Happiness Happens Month

I’d like to introduce you to one of my favourite societies – the Secret Society of Happy People. And the month of August is Happiness Happens month. Now doesn’t that sound like a great thing to celebrate? It is designed to encourage the expression of happiness as well as trying to teach people not to rain on other people’s parades. They believe that happiness is contagious and that more people need to recognise it and talk about it. And, let’s face it, in a world that contains so much doom and gloom more happiness is always a good thing.

Motto

The motto of the society is:

“If you’re happy and you know it … tell somebody! If someone else is happy and they know it … listen!”

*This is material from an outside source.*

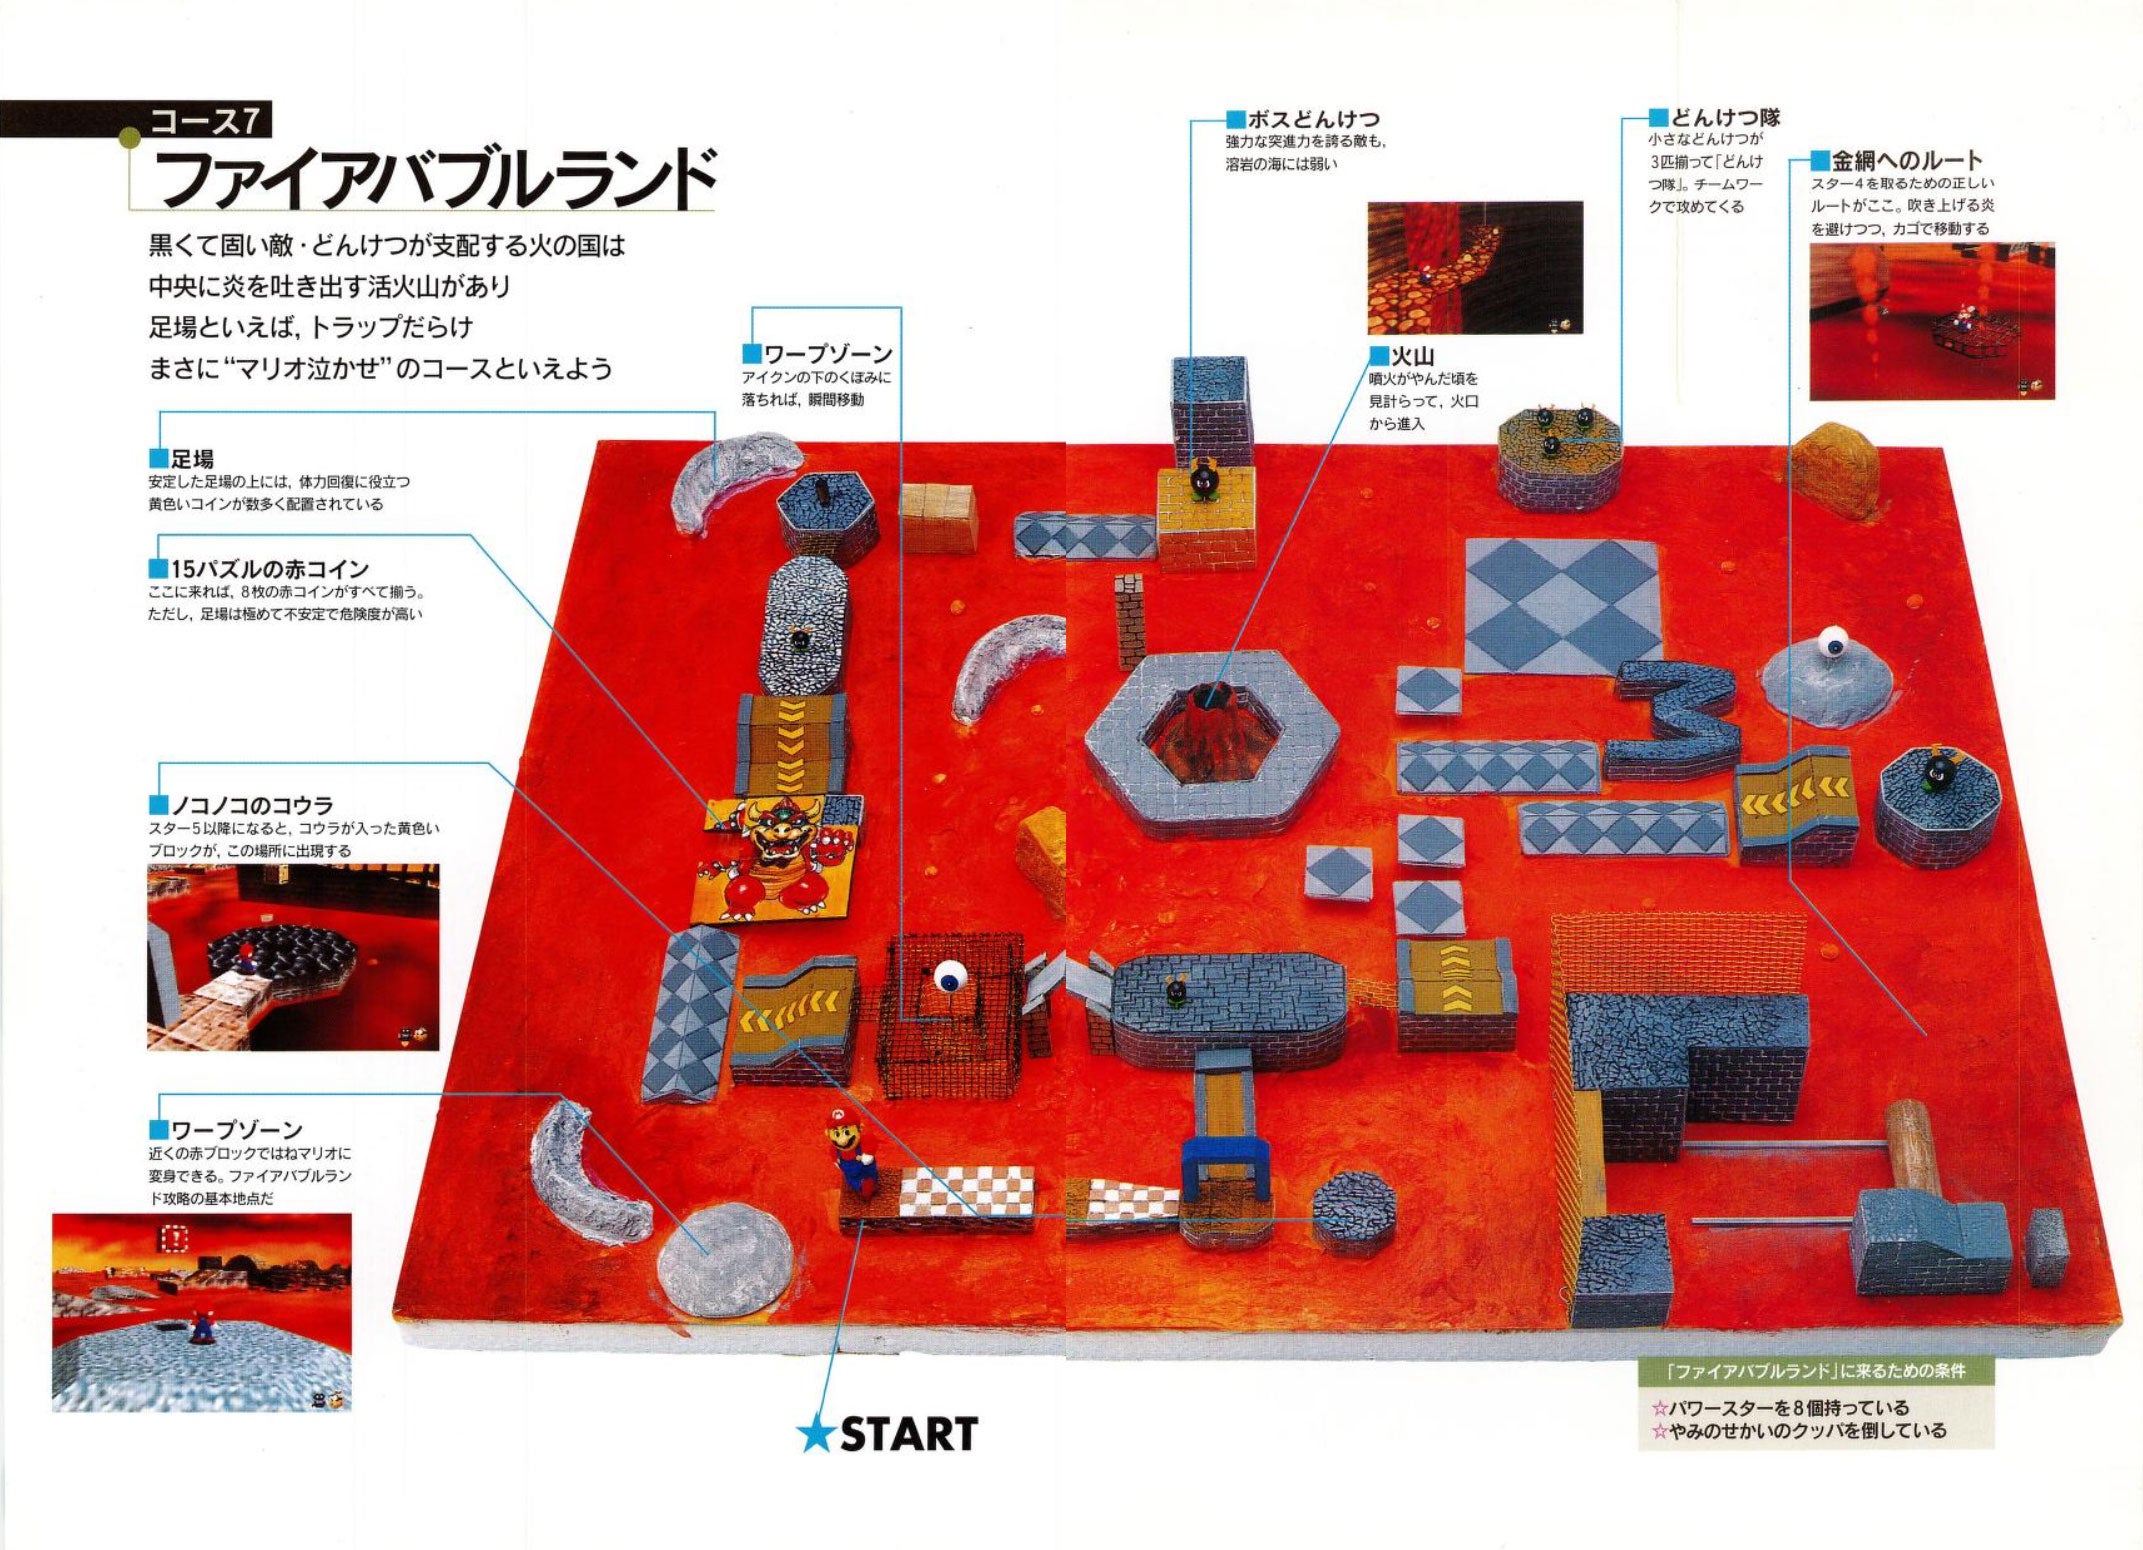 Incredible 90s Super Mario 64 Guide Scanned In HD, Can Now Be Enjoyed By All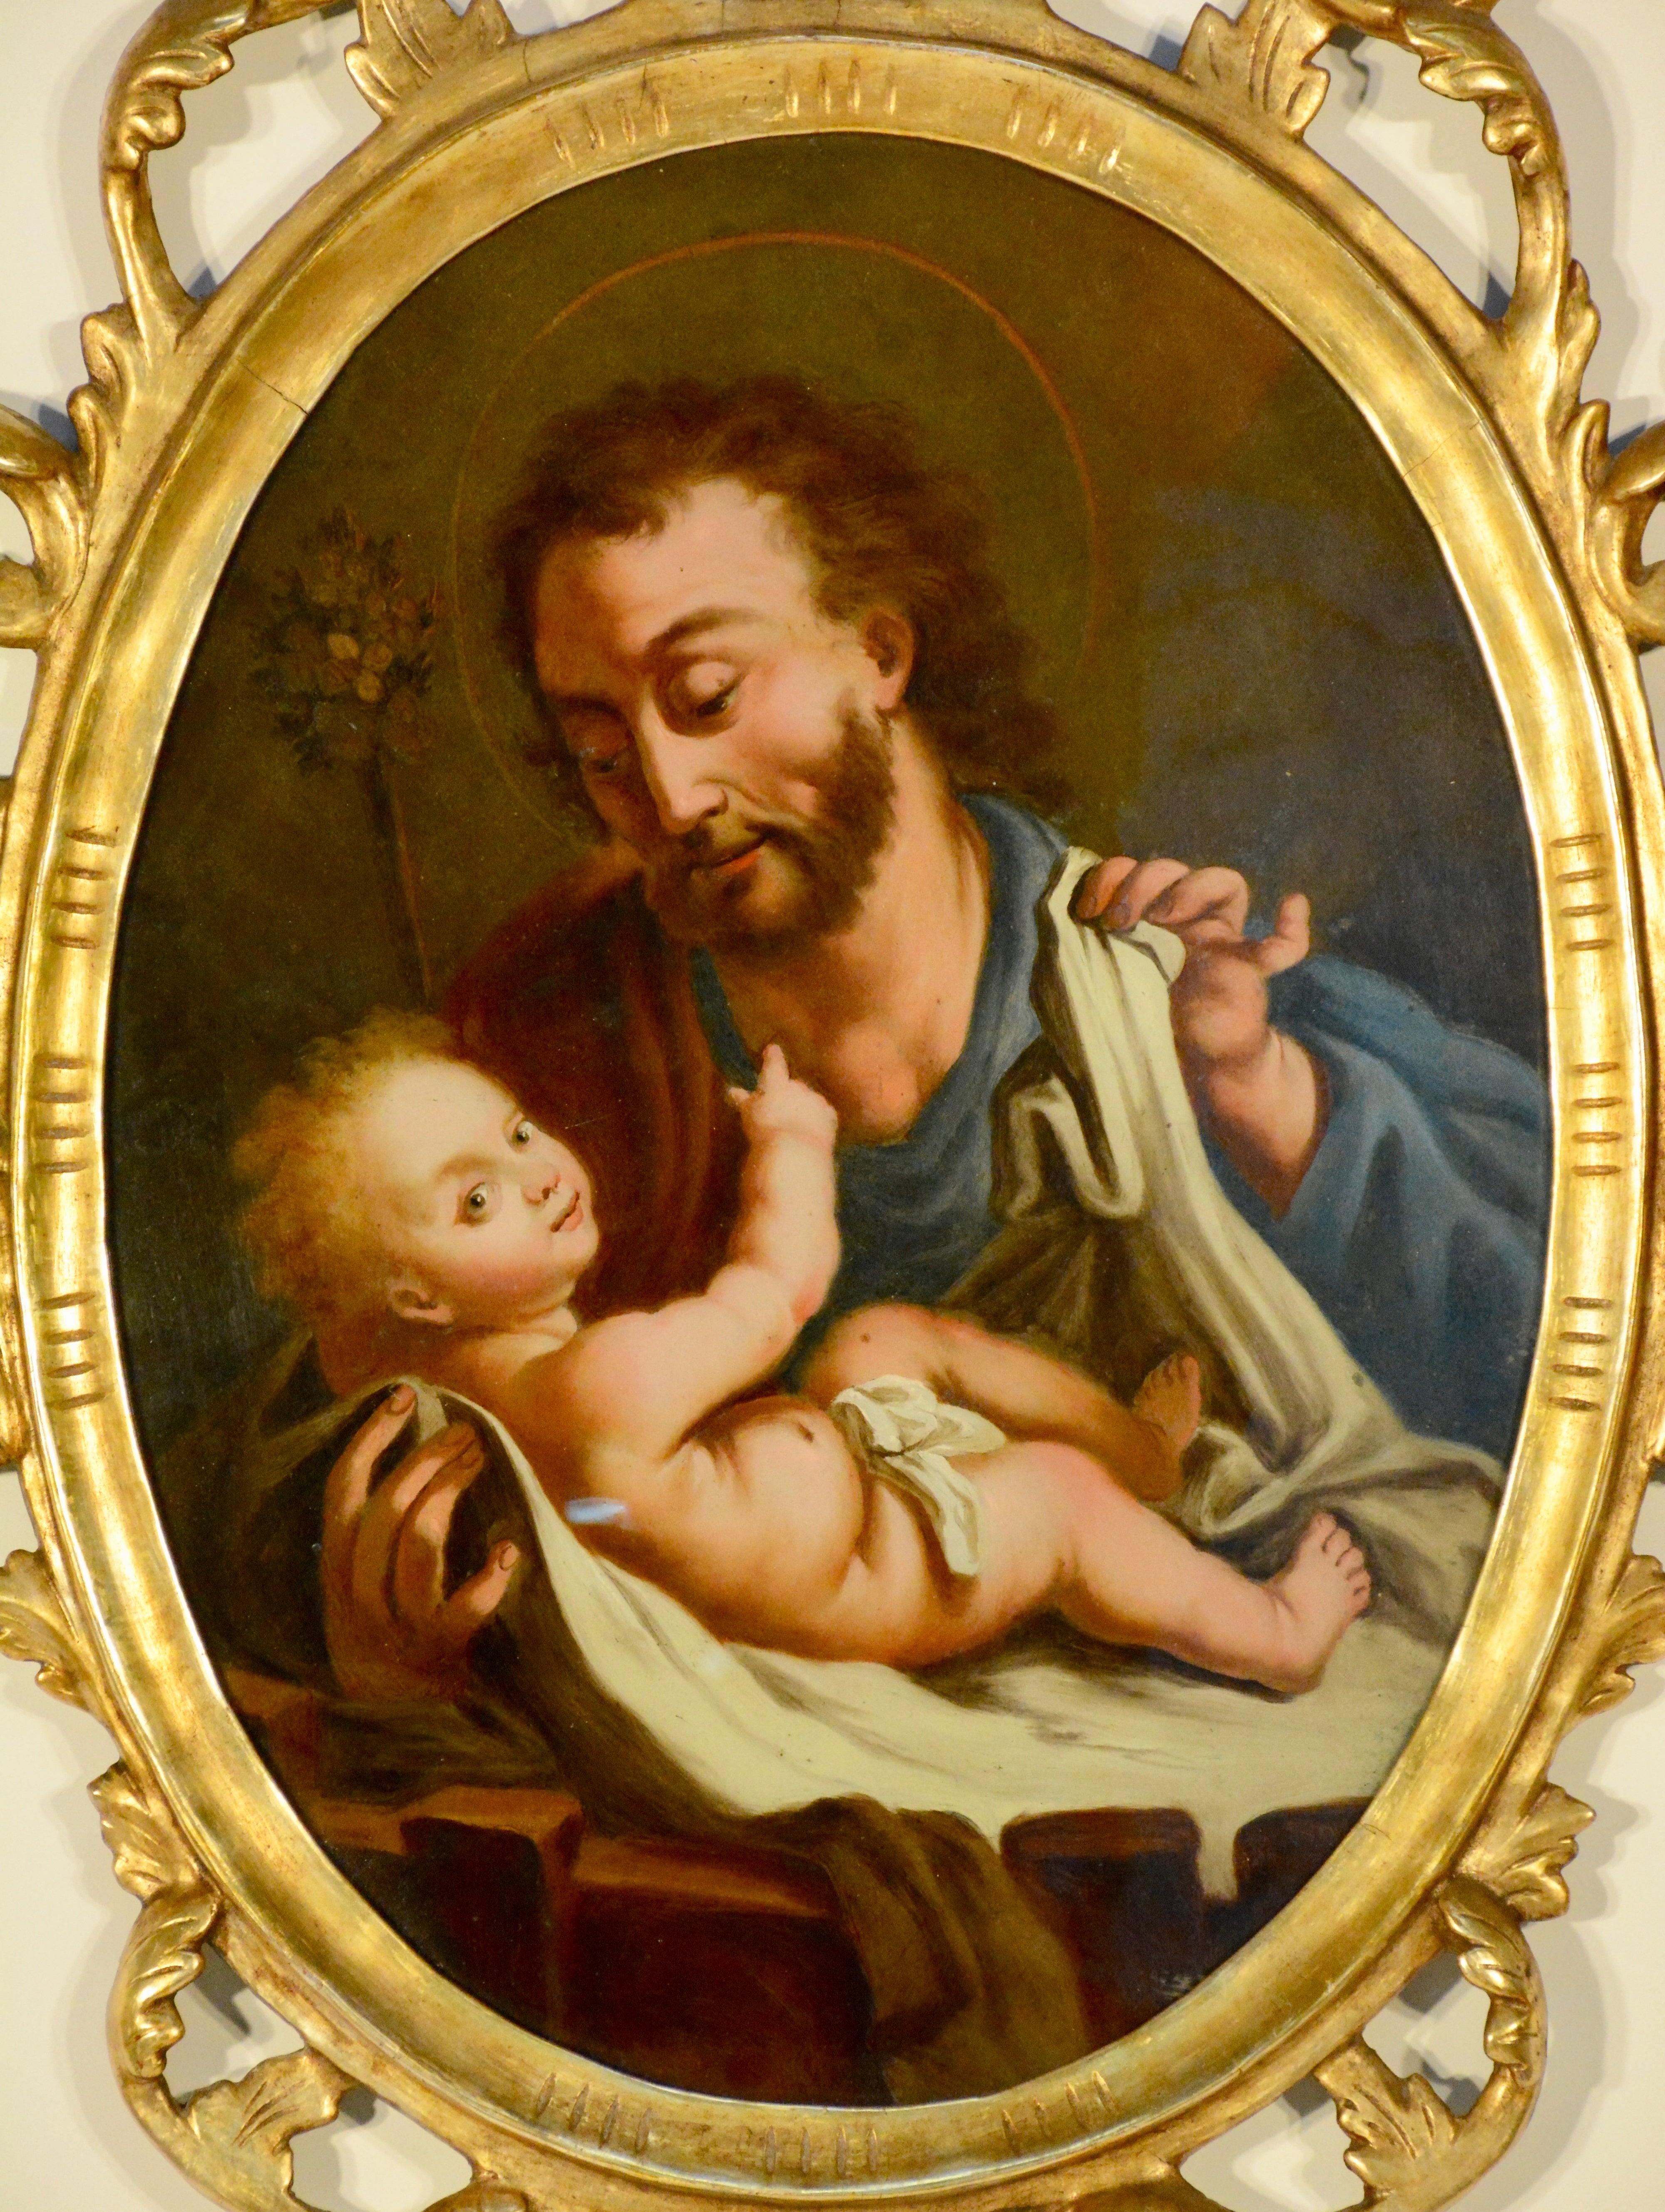 This painting is from Northern Spain of a religious reverse painting on glass depicting Saint Joseph with the Christ Child. It is enclosed by an arched, gilded wood and gesso frame and carved with open work detail. Painting measures 15.75

That reminds me of an old Latvian folk song and a good old sing song is something that always puts a smile on faces. So, ‘If you’re happy and you know, clap your hands’, stomp your feet, shout hurray and then do all three! This great website also features other songs with words and sheet music you can print and flash videos with music.

What Makes You Happy

Talking about happiness is a great way to share it. Get the children to draw something that makes them happy and then ask them to describe to the child next to them, or to the class, what is in the picture and why it makes them happy. It’ll be an interesting exercise that may allow for some basic teaching on the meaning of happiness and how to achieve it. You could also get the children to start a daily log of what they feel happy about – and their scrapbooks would be a great place to record this. It would be beneficial to get the children to recognise that simple things, such as a sunny morning, birds singing or giving someone you love a kiss, can make you as happy as getting whatever new electronic gizmo is all the rage for Christmas.

Silver Lining

The Secret Society of Happy People also celebrate happiness day – August 8th – which they dedicate to doing good deeds related to the colour silver. This is because happy people always find a silver lining no matter how dark the situation may be – another good trait to instil in young minds. And they have a list of fabulous ideas (www.sohp.com/) that you can do to mark the day. One I particularly like is a happiness chest for which you’ll need:

• shoe boxes or other small lidded boxes

glue

• decoration – may I suggest the following in keeping with the silver theme for starters, but essentially you could use anything the children like:

o silver paint

o silver glitter

o glitter dots

o metallic crayons

o metallic felt-tips

o acrylic jewels

o metallic foil paper

o feathers

tissue or crepe paper for lining.

Once you’ve gathered your items you can start to put together the boxes in whatever ways the children want. They could cover the outside of the box with silver paper and decorate with glitter and acrylic jewels, they could paint the box with metallic paint and then decorate with feathers, they could draw pictures of their favourite toys and glue them to the box – the list is endless and allows for a great deal of creativity.

Once completed, the box can be filled with photos, ticket stubs, precious cards, letters, in fact anything that makes the child happy. Then if the child ever feels a little sad they can open the box and have a boost of happiness. What a great keepsake to look back on in years to come too!

And, don’t forget they don’t have to make the box for themselves – they can make it for anyone.